**Data in this exercise**.
*** Block opens ***
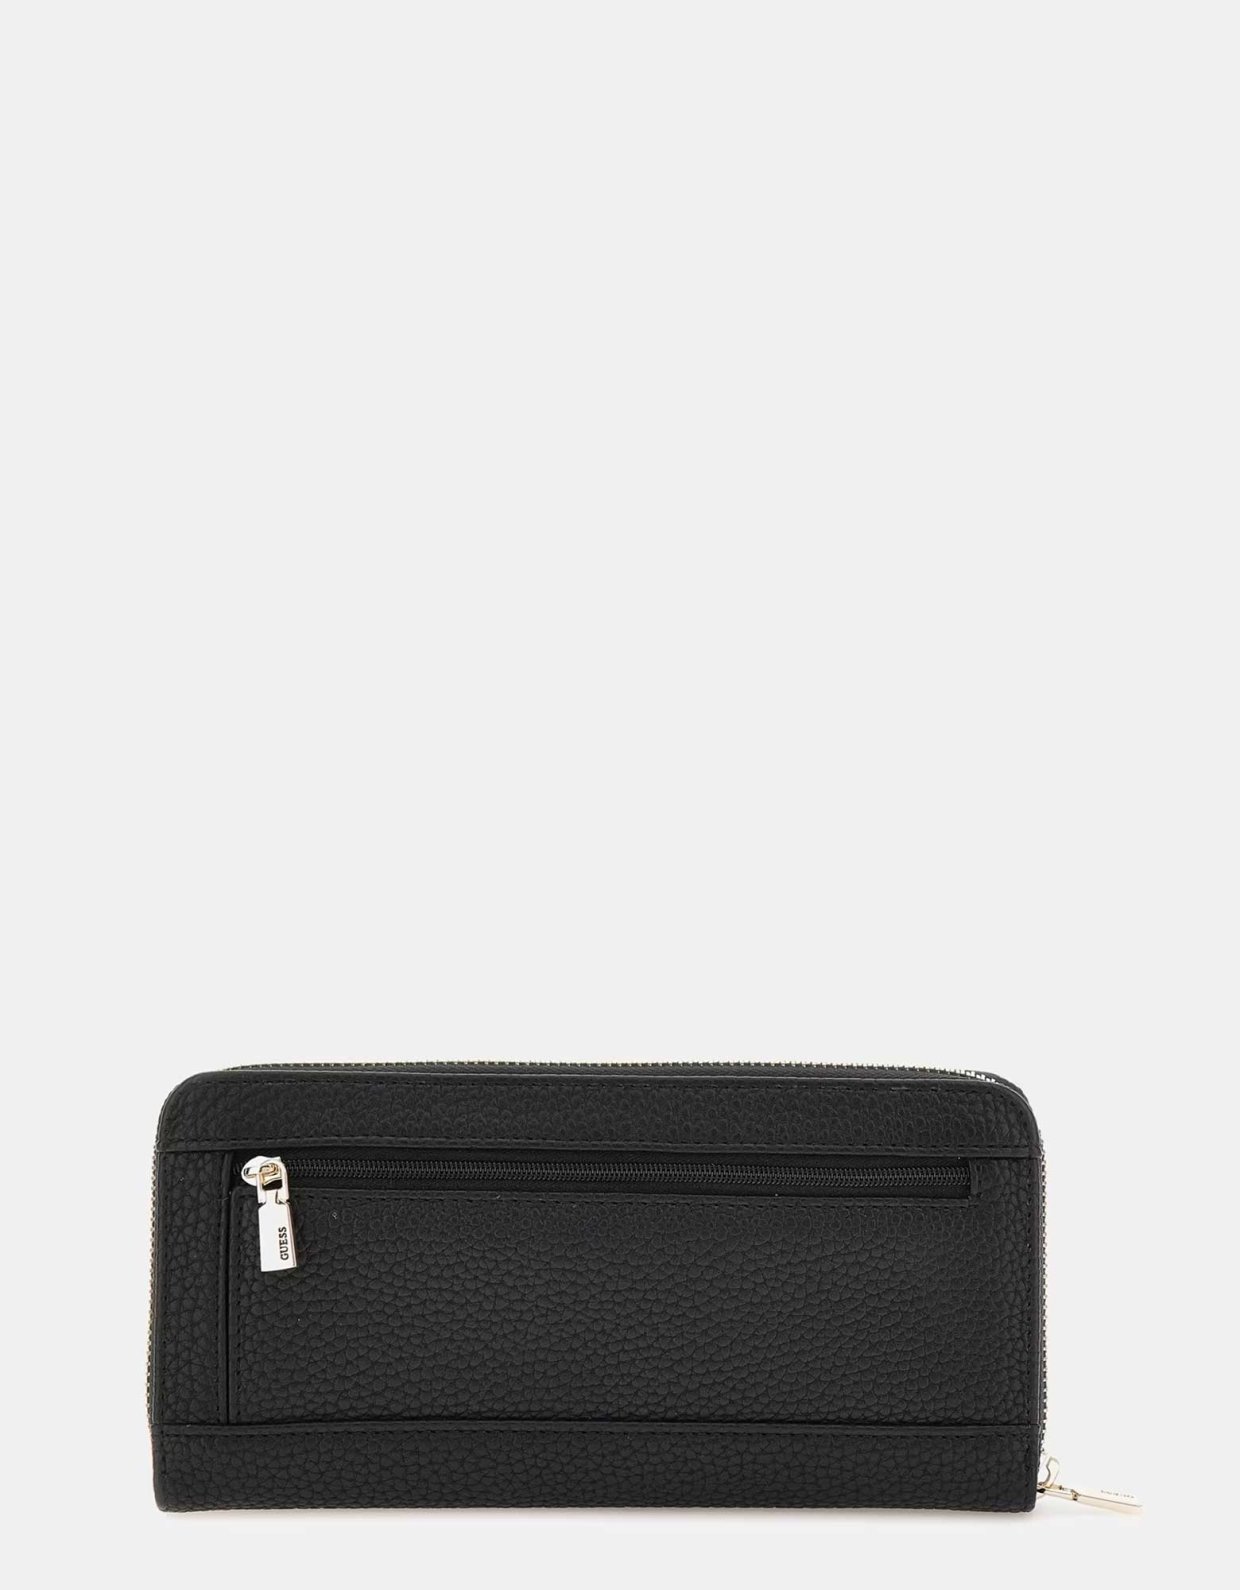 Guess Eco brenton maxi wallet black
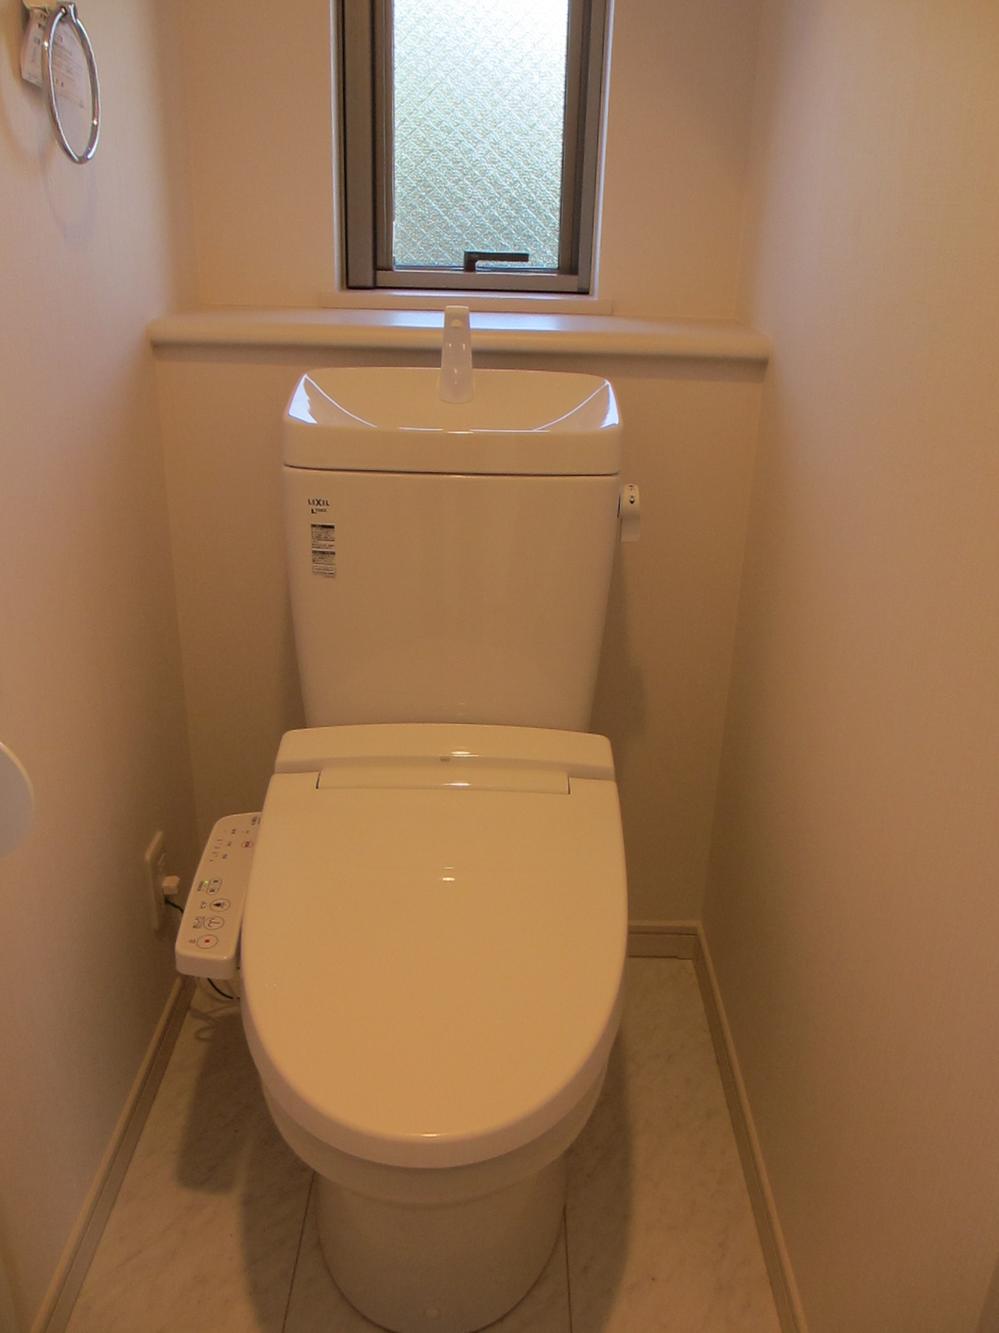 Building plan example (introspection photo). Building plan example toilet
*** Block closes ***
*** Block opens ***
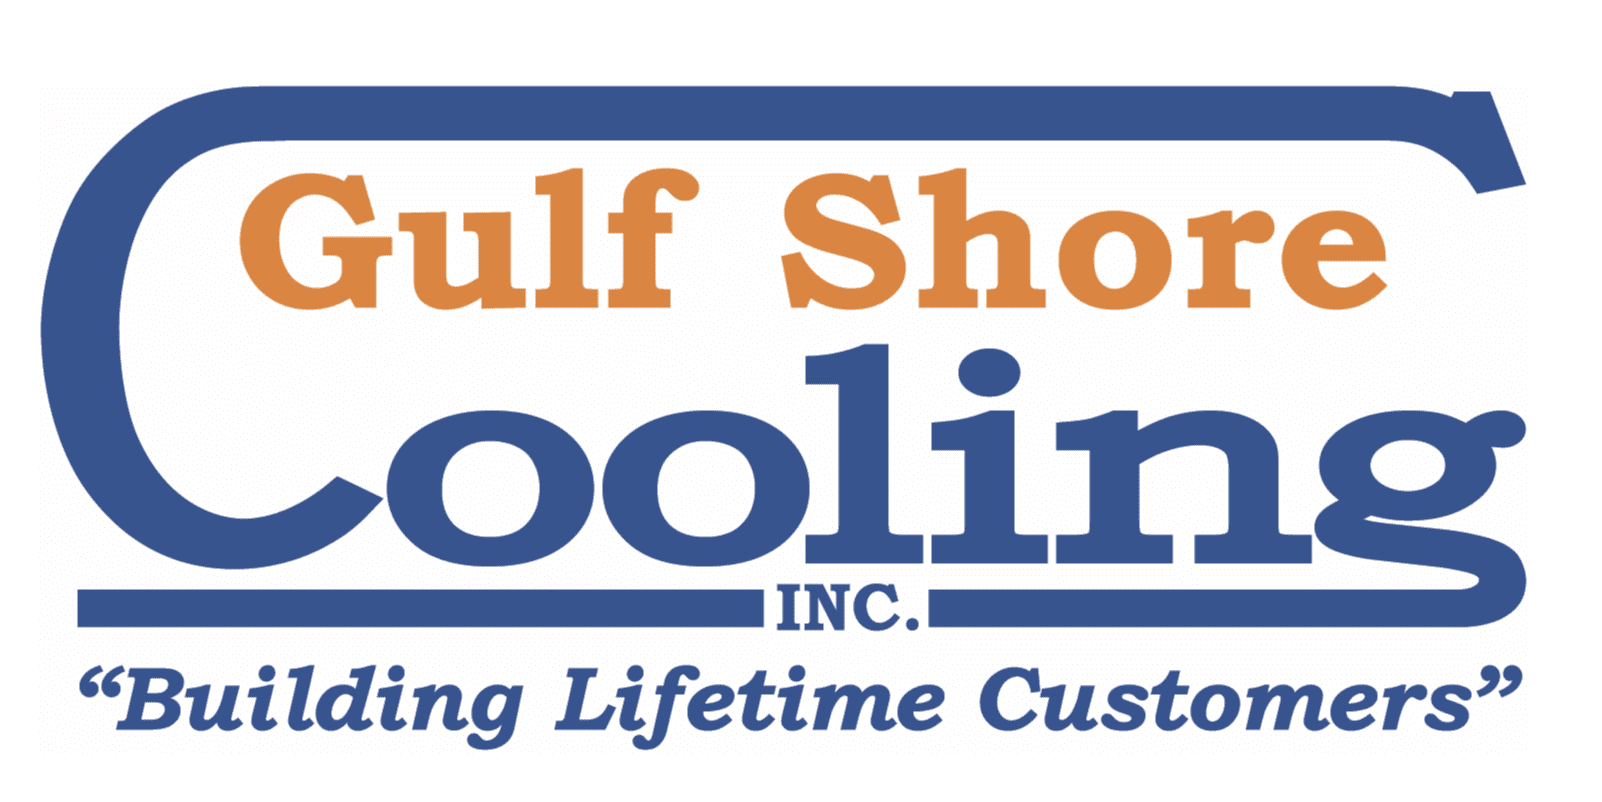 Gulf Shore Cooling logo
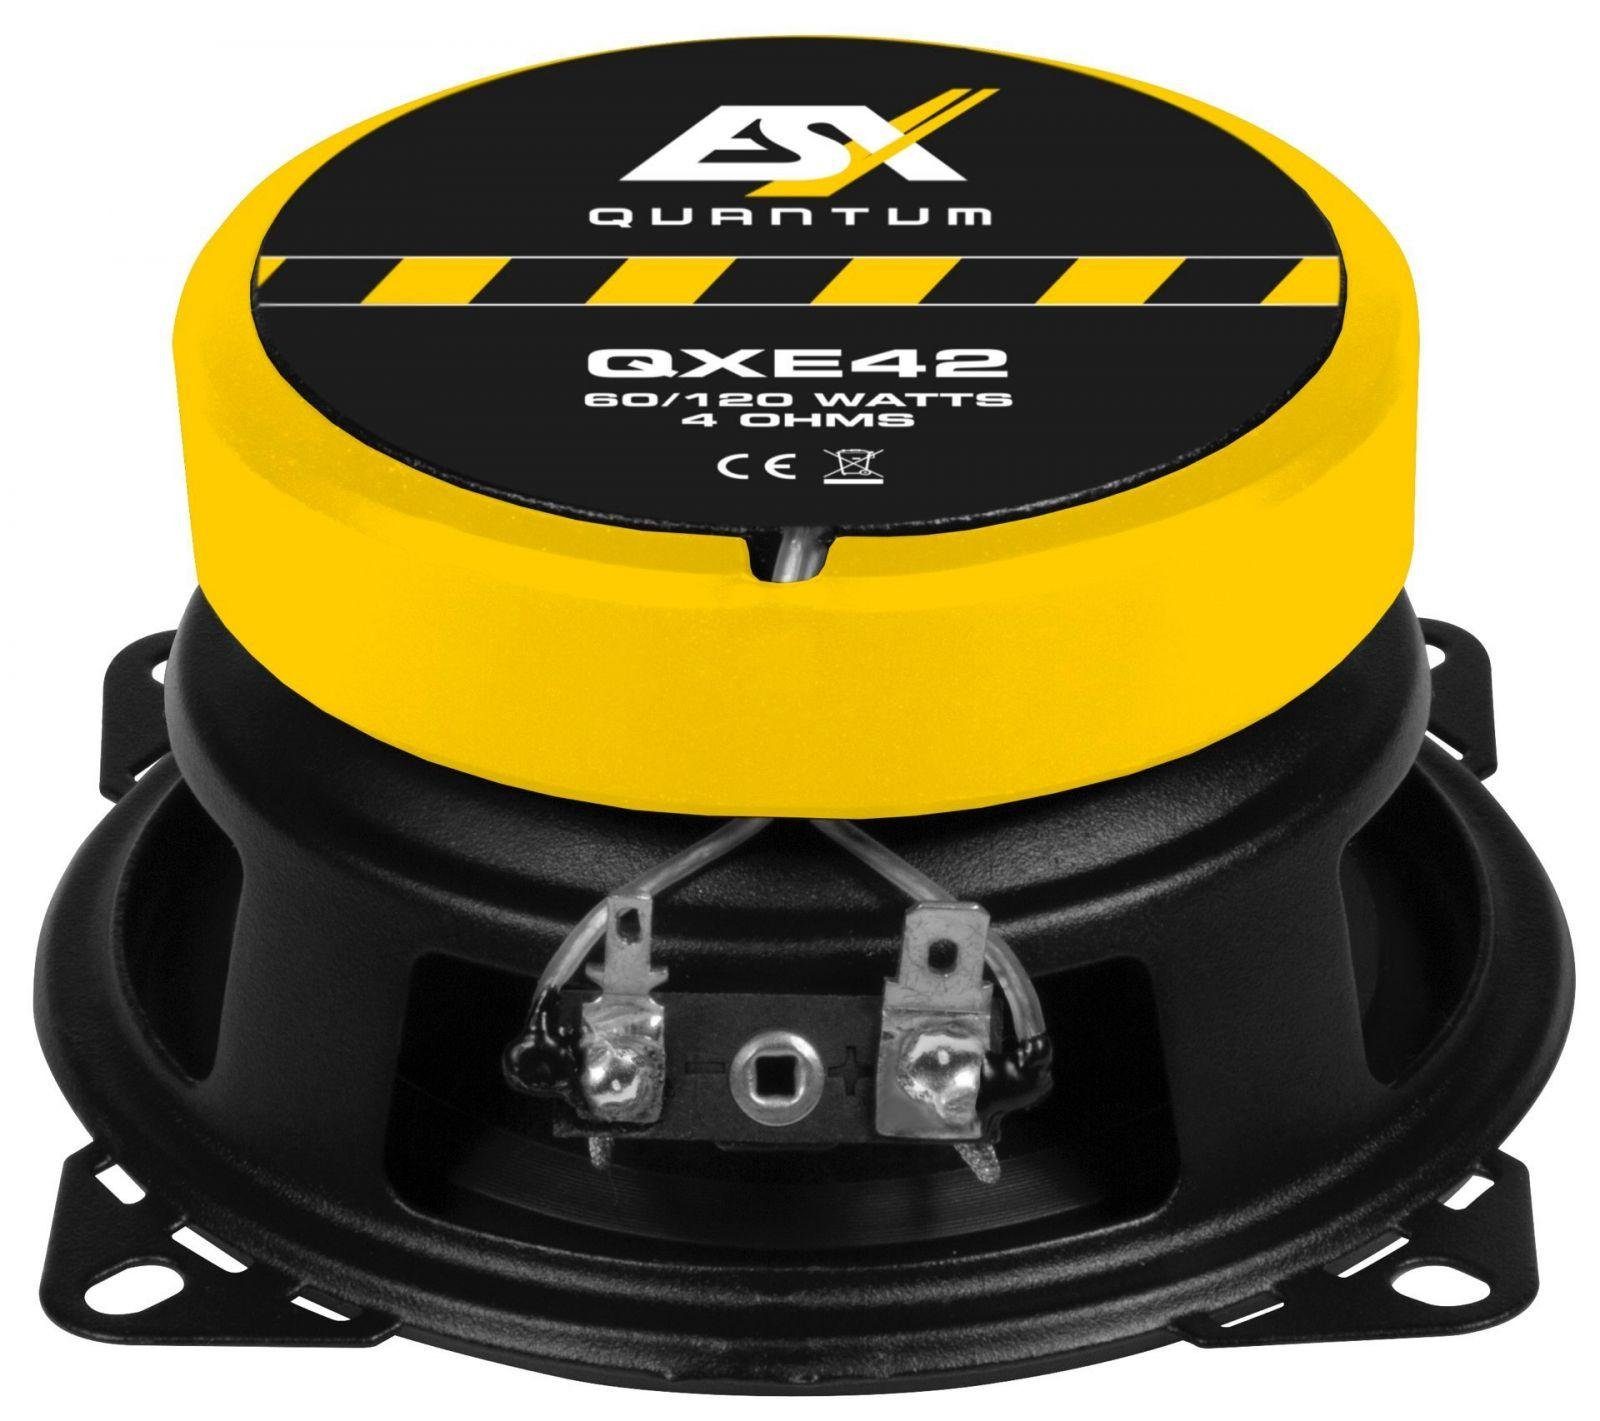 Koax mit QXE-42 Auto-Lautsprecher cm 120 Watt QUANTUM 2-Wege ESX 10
*** Block closes ***
**What the exercise asks**. Look above for the line containing "Guess Eco brenton maxi wallet black", then write out every line from there down to the line containing "Building plan example (introspection", that line included, with no pictures.

**Written response**.
 Guess Eco brenton maxi wallet black
 Building plan example (introspection photo). Building plan example toilet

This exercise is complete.